American artist (1856–1934)

Julia Christiansen Hoffman (March 30, 1856 – November 30, 1934) was an American artist and arts patron who fostered the Portland Arts and Crafts movement in the state of Oregon, through exhibitions and art classes. In 1907 she led the establishment of the Arts and Crafts Society of Portland, a forerunner of the Oregon College of Art and Craft (OCAC).

==Biography==
Julia Elizabeth Christiansen, daughter of Danish immigrants Hamond and Elizabeth Christiansen, was born March 30, 1856, in Manti, Sanpete County, Utah, northeast of Gunnison. She moved to Portland in 1881, and in 1883 married Lee Hoffman (1850–1895), a Portland builder. In 1887, when he completed the Morrison Bridge, the first bridge across the Willamette River, Julia Christiansen Hoffman was "the first person to 'walk across the Willamette' ". The Hoffmans had two children: their son Lee Hawley was born in 1884, and daughter Margery was born in 1888.

Hoffman's husband died in a shooting accident in 1895, and Hoffman moved her family to Boston, seeking better educational opportunities for her children. In the late 1890s, Hoffman joined the Society of Arts and Crafts, Boston; she took classes at Grundemann Studios of the Boston Art Students' Association, and studied with master silversmith George Christian Gebelein. She made trips at least annually back to Portland, and in 1902 became the first lifetime member of the Portland Art Association, precursor of the Portland Art Museum. She provided the salary of the first design instructor of the Museum Art School, precursor of Pacific Northwest College of Art (PNCA). By the summer of 1906, she returned to make Portland her permanent residence, studying with Frank Dumond.
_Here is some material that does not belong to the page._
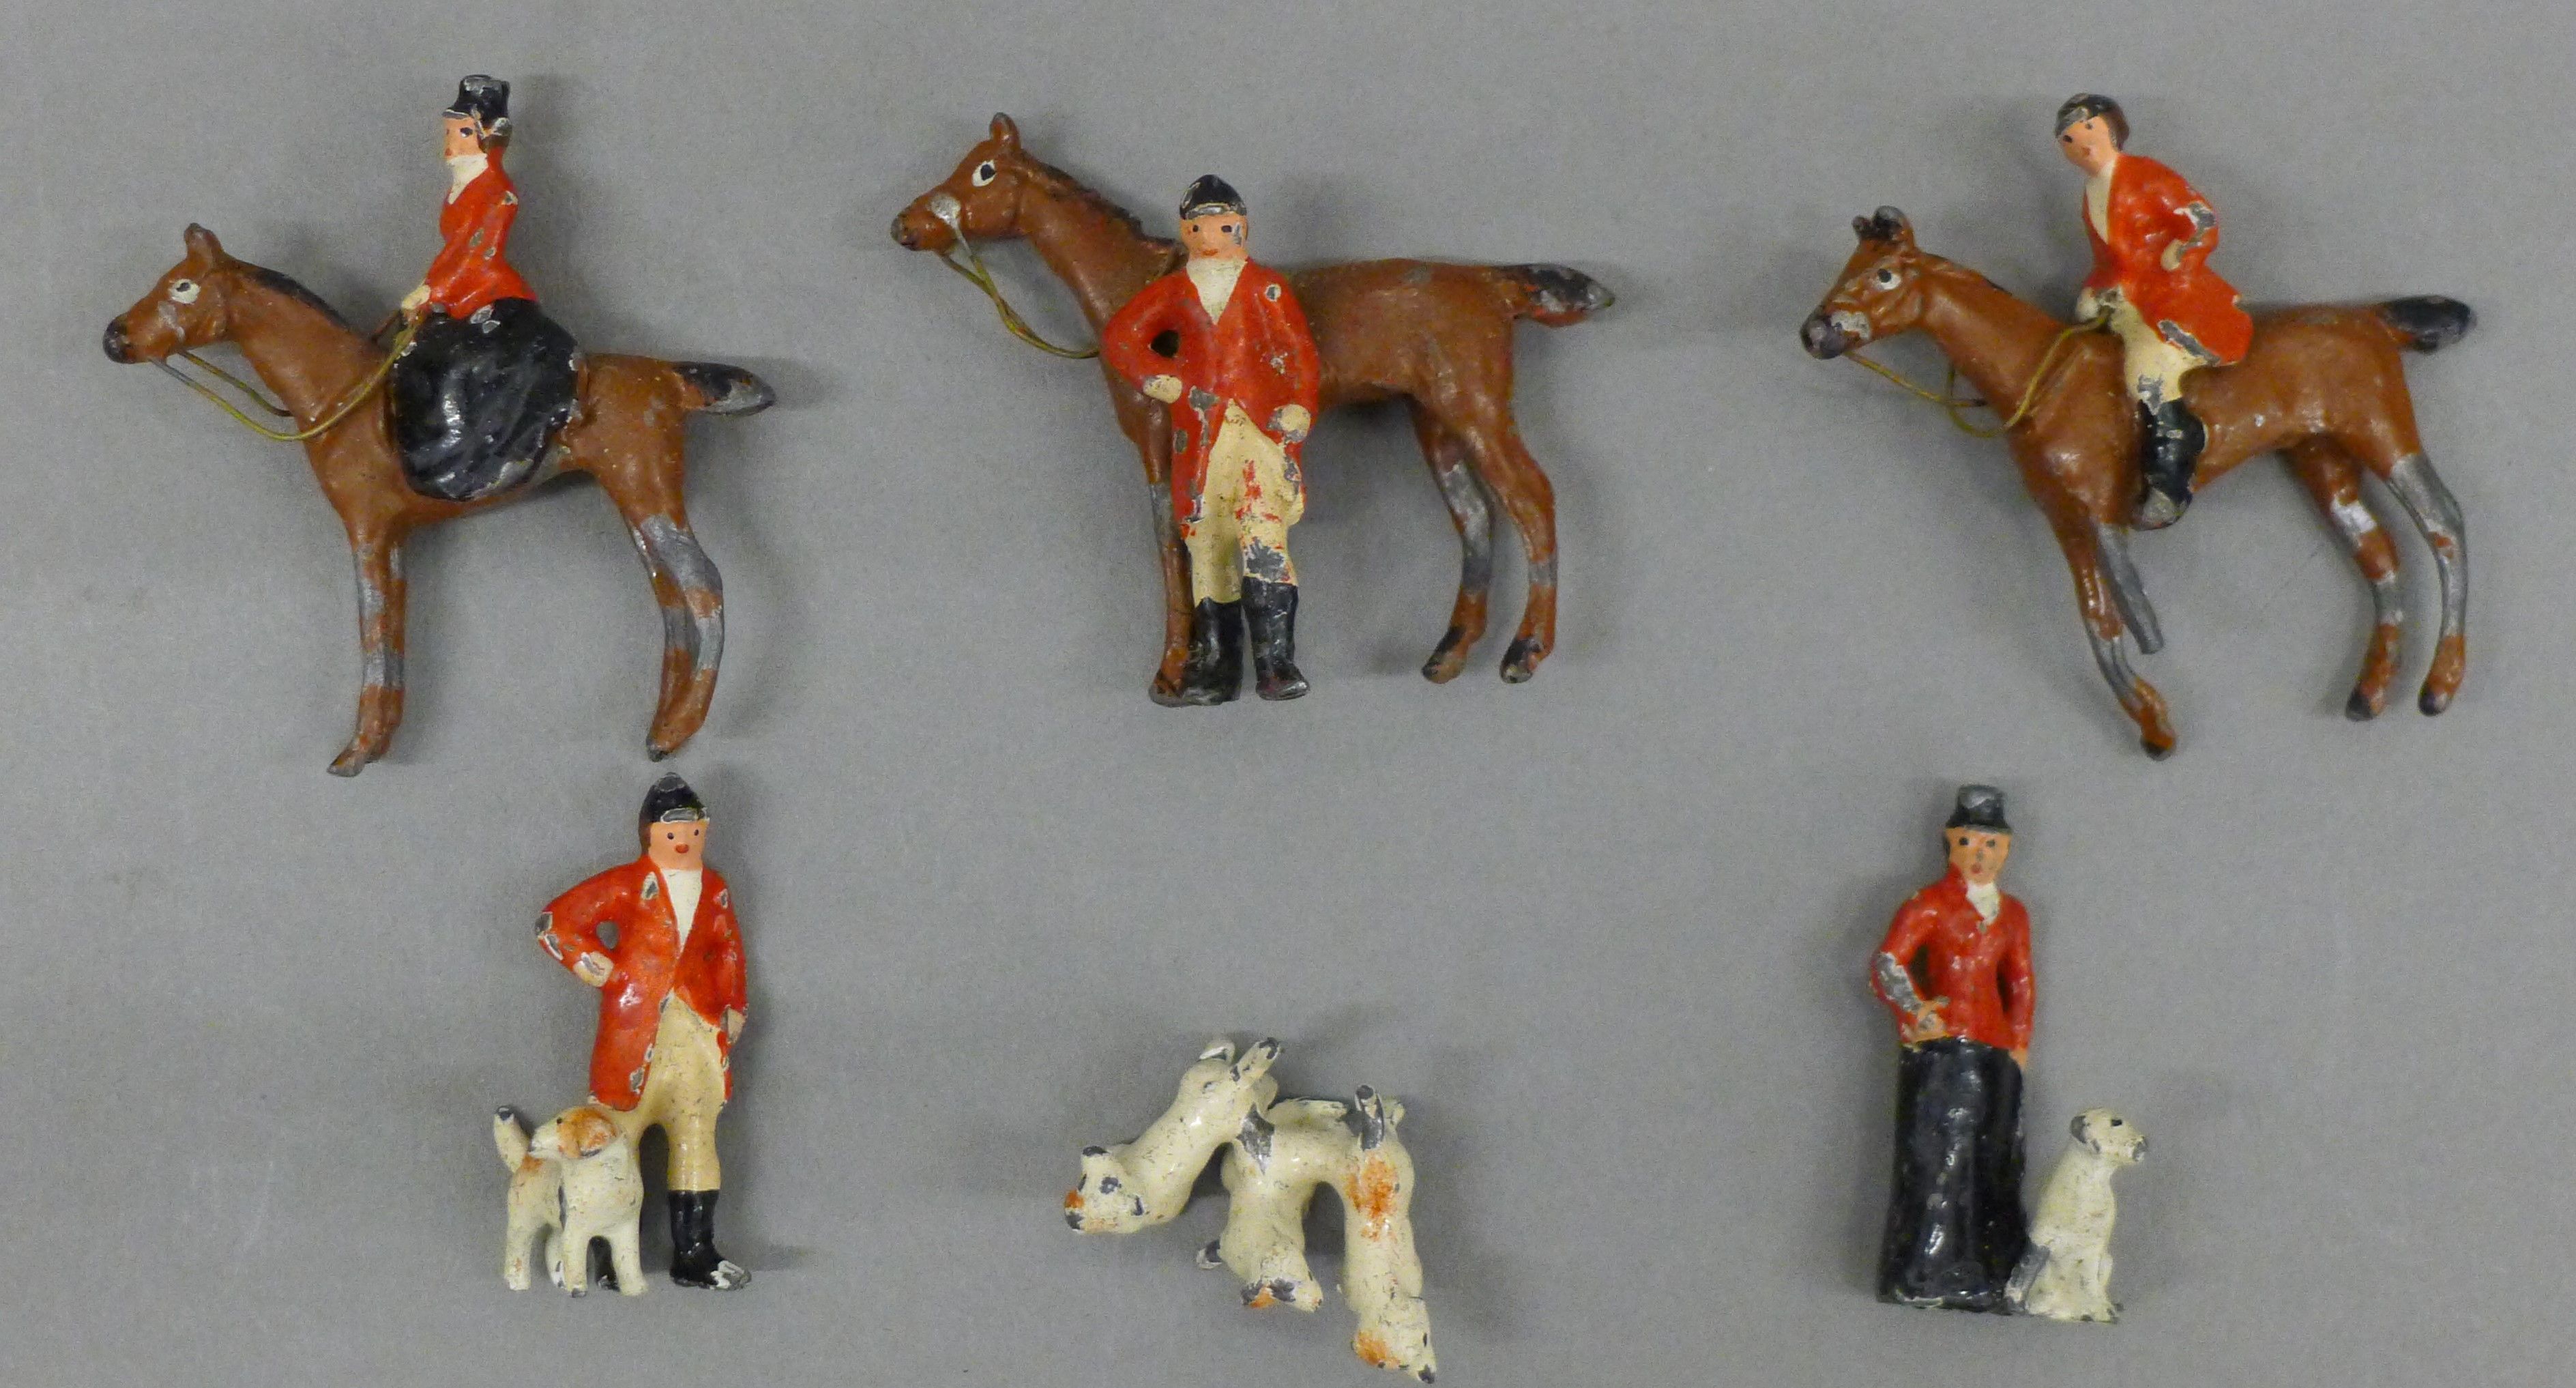 A collection of Britain's hunting lead figures.

== Arts and Crafts Society of Portland ==
At the Portland Art Museum on October 7, 1907, Hoffman was among 150 people who met to establish the Arts and Crafts Society of Portland, which became the Oregon School of Arts and Crafts in 1978, and Oregon College of Art and Craft in 1996. Hoffman was a "photographer, painter, sculptor, metal worker and weaver" who wanted "to foster the Arts and Crafts movement through classes and exhibitions". According to Richard S. Christen, she was also "one of Portland's leading citizens and perhaps its most avid craftsperson". Christen wrote, "More than any other individual, Hoffman had generated an interest in handicrafts in the city. She also helped draft the new society's constitution and bylaws and, as one of its original trustees, its second president, and its primary spokesperson for thirty years, infused the institution with her vision of arts and crafts."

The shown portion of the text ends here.